(Exercise inputs begins)
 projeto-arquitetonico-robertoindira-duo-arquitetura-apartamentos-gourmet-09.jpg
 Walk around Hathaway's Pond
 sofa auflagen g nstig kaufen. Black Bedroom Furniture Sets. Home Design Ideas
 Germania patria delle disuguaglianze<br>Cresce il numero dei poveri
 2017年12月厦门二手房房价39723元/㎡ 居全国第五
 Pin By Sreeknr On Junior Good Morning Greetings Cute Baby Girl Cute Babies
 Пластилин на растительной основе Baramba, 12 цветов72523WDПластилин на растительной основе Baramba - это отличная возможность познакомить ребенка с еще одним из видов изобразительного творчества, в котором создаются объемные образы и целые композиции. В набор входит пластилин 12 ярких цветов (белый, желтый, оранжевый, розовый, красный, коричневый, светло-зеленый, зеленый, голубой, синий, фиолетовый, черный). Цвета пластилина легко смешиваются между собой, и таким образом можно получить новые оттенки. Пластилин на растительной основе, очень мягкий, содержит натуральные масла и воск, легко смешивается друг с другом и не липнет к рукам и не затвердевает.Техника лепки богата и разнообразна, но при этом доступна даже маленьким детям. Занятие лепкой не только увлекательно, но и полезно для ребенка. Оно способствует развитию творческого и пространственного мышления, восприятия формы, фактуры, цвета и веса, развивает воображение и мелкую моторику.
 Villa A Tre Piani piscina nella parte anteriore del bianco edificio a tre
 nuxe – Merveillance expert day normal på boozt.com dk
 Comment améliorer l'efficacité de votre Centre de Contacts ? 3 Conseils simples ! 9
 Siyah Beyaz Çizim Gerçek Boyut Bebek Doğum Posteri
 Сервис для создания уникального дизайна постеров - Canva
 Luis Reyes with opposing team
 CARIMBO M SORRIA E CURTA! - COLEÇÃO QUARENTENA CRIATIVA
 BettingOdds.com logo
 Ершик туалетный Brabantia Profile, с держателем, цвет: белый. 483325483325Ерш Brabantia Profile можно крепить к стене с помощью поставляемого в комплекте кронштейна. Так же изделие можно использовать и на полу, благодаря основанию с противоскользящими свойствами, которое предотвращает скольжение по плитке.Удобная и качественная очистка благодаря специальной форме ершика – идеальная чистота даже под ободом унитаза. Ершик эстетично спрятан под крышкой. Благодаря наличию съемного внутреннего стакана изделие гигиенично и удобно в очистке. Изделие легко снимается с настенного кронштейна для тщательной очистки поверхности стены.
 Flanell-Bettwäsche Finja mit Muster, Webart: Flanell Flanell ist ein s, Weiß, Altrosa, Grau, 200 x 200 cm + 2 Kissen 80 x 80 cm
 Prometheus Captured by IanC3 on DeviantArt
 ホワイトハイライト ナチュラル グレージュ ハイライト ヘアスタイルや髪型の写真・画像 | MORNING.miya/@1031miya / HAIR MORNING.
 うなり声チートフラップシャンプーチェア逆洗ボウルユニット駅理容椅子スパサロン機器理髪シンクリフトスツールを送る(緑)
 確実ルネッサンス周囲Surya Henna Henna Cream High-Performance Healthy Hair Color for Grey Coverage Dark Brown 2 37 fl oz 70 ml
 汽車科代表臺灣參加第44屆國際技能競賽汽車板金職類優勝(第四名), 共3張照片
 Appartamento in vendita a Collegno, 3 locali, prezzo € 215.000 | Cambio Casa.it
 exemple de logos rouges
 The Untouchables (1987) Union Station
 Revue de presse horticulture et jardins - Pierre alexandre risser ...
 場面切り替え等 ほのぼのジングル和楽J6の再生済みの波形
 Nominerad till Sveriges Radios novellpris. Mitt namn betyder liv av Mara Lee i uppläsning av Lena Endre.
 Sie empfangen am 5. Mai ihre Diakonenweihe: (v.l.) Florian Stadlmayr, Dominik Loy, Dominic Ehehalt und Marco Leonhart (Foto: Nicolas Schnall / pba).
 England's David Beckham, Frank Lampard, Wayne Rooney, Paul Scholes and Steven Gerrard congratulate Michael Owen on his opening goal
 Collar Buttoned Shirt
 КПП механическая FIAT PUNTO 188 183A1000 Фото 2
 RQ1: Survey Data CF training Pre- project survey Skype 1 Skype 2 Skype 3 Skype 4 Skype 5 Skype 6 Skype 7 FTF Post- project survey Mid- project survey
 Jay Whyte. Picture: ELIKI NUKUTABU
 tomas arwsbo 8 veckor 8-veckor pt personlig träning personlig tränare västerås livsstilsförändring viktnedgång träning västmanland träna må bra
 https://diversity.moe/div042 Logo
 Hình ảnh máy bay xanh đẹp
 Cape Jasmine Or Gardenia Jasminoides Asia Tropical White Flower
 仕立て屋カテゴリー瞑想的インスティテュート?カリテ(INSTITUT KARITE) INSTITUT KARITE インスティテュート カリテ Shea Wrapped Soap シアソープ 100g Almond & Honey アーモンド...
(Exercise inputs ends)
Task directions: Set down, unchanged, only those lines above that fall between the line with "2017年12月厦门二手房房价39723元/㎡ 居全国第五" and the line with "Pin By Sreeknr", the two end lines included.

Output:
 2017年12月厦门二手房房价39723元/㎡ 居全国第五
 Pin By Sreeknr On Junior Good Morning Greetings Cute Baby Girl Cute Babies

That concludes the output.